- Born: February 6, 1846 Hunstville, Texas
- Died: June 15, 1928 (aged 82) Houston, Texas
- Burial place: Oakwood Cemetery, Huntsville, Texas, United States
- Occupations: Soldier, Lawman, Evangelist
- Allegiance: Confederate States of America
- Branch: Brown's Regiment, Texas Cavalry
- Service: 1863–1865 (2 years)
- Wars: American Civil War

= Austin McGary =

Austin McGary (February 6, 1846 - June 15, 1928) was an American Restoration Movement evangelist and publisher of a periodical entitled Firm Foundation, which was first published on September 1, 1884.

Born in Huntsville, Texas, to Isaac and Elizabeth (Visier) McGary, McGary's father was said to have fought at the Battle of San Jacinto and to have guarded the recently captured Antonio López de Santa Anna. McGary's mother died while McGary was a child.

==Texas lawman==
Before becoming an evangelist, McGary was elected sheriff of Madison County, Texas, a post he held for two years before resigning to work for the state of Texas in transporting prisoners to penitentiaries. This work took place near the United States-Mexico border.

==Personal life==
McGary was married three times—to Narcissus Jenkins in 1866 (two children) until her death in 1872, Lucy Bettie Kittrell in 1875 (nine children) until her death in 1897, and finally to Lillian Otey.

==Evangelist, publisher, debater==
McGary became interested in religion and studied the Alexander Campbell - Robert Owen debate of 1829. He was said to have been educated in part by Church of Christ ministers including Benton, Thomas, and Basil Sweeney.

McGary was converted to the Churches of Christ and baptized by Harry Hamilton after hearing sermons by the latter in Madisonville, Texas.
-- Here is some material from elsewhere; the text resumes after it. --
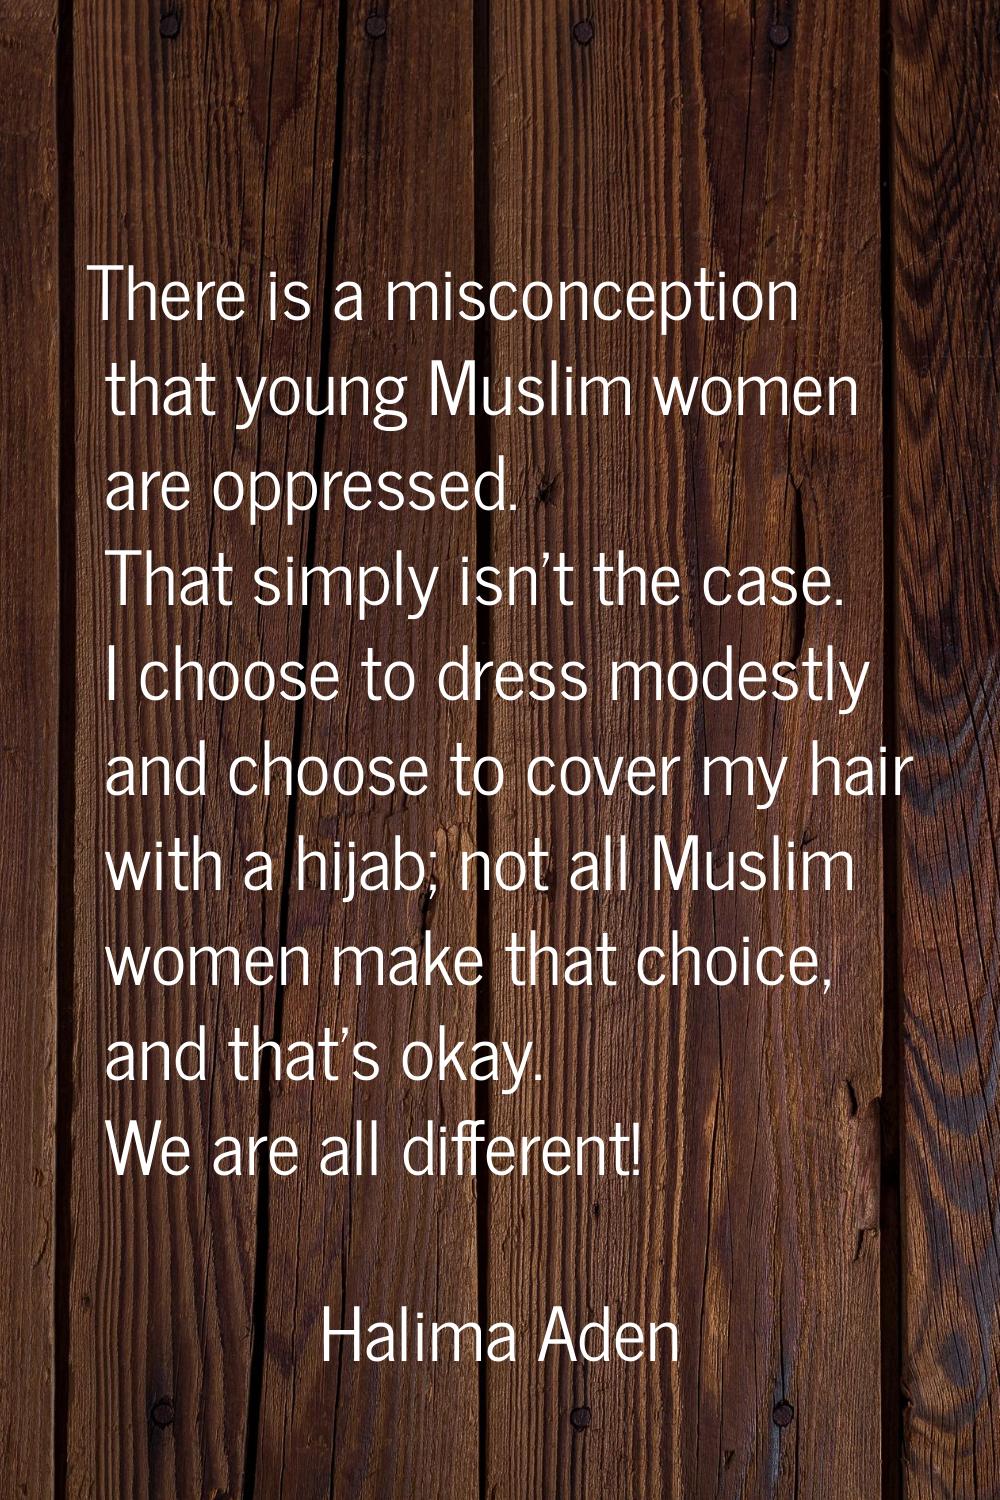 There is a misconception that young Muslim women are oppressed. That simply isn't the case. I choos

The baptism took place on December 24, 1881.

He began publication of the Firm Foundation in 1884, in his own words:

"to oppose everything in the work and worship of the church, for which there was not a command or an apostolic example or a necessary scriptural inference."

==Rebaptism controversy==

In debates with David Lipscomb, editor of the rival publication Gospel Advocate, McGary advanced positions regarding the relationship between baptism and salvation, some of which were already seminal in the formation of the group of Christian churches known as the Churches of Christ, others of which would become the basis for continuing disagreement among members of that body.

The substance of McGary's argument was based on the notion, generally accepted by members of the Churches of Christ, that the state of human salvation begins at the moment of that individual's baptism. McGary, however, further asserted that another condition of salvation lay in the believer's knowledge and acceptance of this idea (of baptism securing the remission of sins) at the moment of baptism, concluding that baptisms occurring outside of this condition were invalid, and did not bring about the salvation of those baptised in the absence of that state of belief. Lipscomb took the opposite position: that baptism for any scriptural reason qualified as scriptural baptism, independent of the candidate's full knowledge and acceptance of that concept. McGary's position was often dubbed "The Texas Heresy" by its detractors.

The extent of the re-baptism controversy and McGary's role in it are evident in various essays in David W. Fletcher's edited 432-page collection of essays Baptism and the remission of sins: A historical perspective published in 1990. By the late 1930s the McGary position came to dominate American Churches of Christ in all but Middle Tennessee (the area most under Lipscomb's continued influence), but the Lipscomb view has since become more popular in some elements of the fellowship nationally.

==Later life==

After resigning the editorship of the Firm Foundation in 1902, McGary lived in California and then in Oregon before returning to live in Texas.

Other later periodicals published by McGary included The Lookout and The Open Arena.